Abajo, jóvenes con trompetas se toman el escenario para dar un sonido que pareciera un lamento, pero que en realidad es un trozo de corazón que sale, con el mismo amor que un bolero le llega al alma a una mujer.
Las chicas y los chicos van saliendo de todas partes. Entran por entre la gente que ve el espectáculo, se abren paso y se unen a los demás para dar mayor majestuosidad al momento. Lo hacen caminando acompasados, al ritmo de sus propios instrumentos, con delicadeza, como cuidando que no se les vaya a ir una nota de más.
De un momento a otro suena una trompeta. El sonido viene de arriba. Es un chico de unos 12 años que desde una de las ventanas se une a sus compañeros del primer piso. Llegan más trompetas, más jóvenes, más personas que solo buscan que aquellos que los escuchan vivan un momento inolvidable.
Un chiquillo de camiseta roja no deja de tocar el violín en todo el centro de la plaza, mientras por otra de las ventanas suenan dos instrumentos más. De un momento a otro el sonido es envolvente, desde abajo, desde arriba…
El Bolero de Ravel les llega a las venas de quienes no se quieren mover del sitio.

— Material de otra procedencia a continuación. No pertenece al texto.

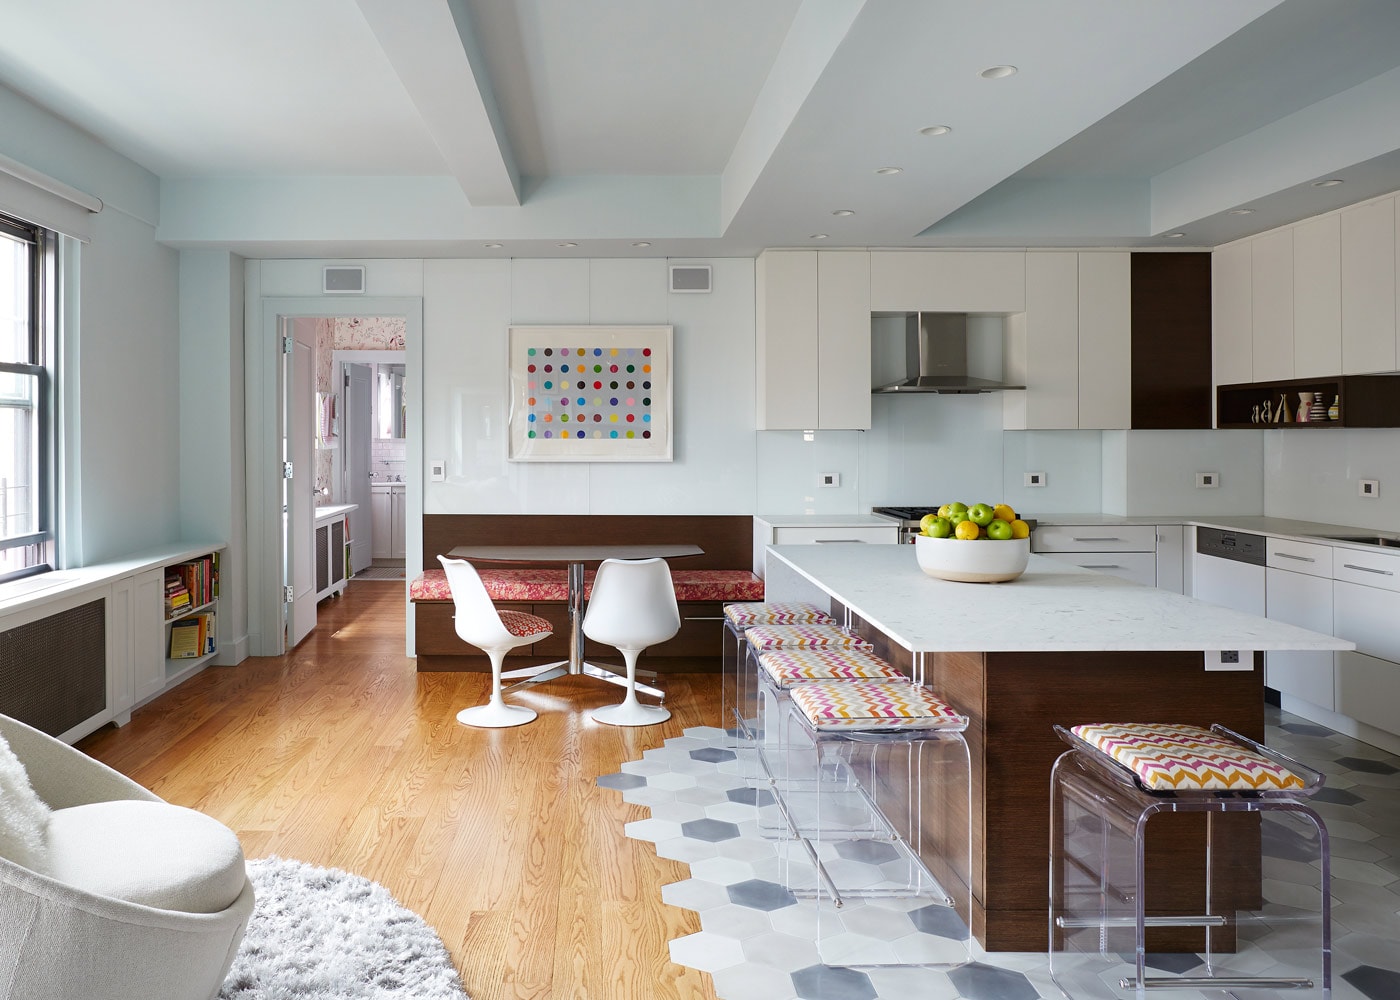 Greenwich Village apartment kitchen design by Annette Jaffe Interiors

Suena el trombón, pon, pon pon; pon pon pon… y ya son una colección de violines los que se escuchan. Todo va como creciendo, llega a un éxtasis y se detiene de repente, mientras todos explotan en aplausos y vítores a esos grandes y chicos que se prepararon para entregar lo que saben hacer, a un público, donde quiera que esté. Esta vez estaba en Sao Paulo, Brasil.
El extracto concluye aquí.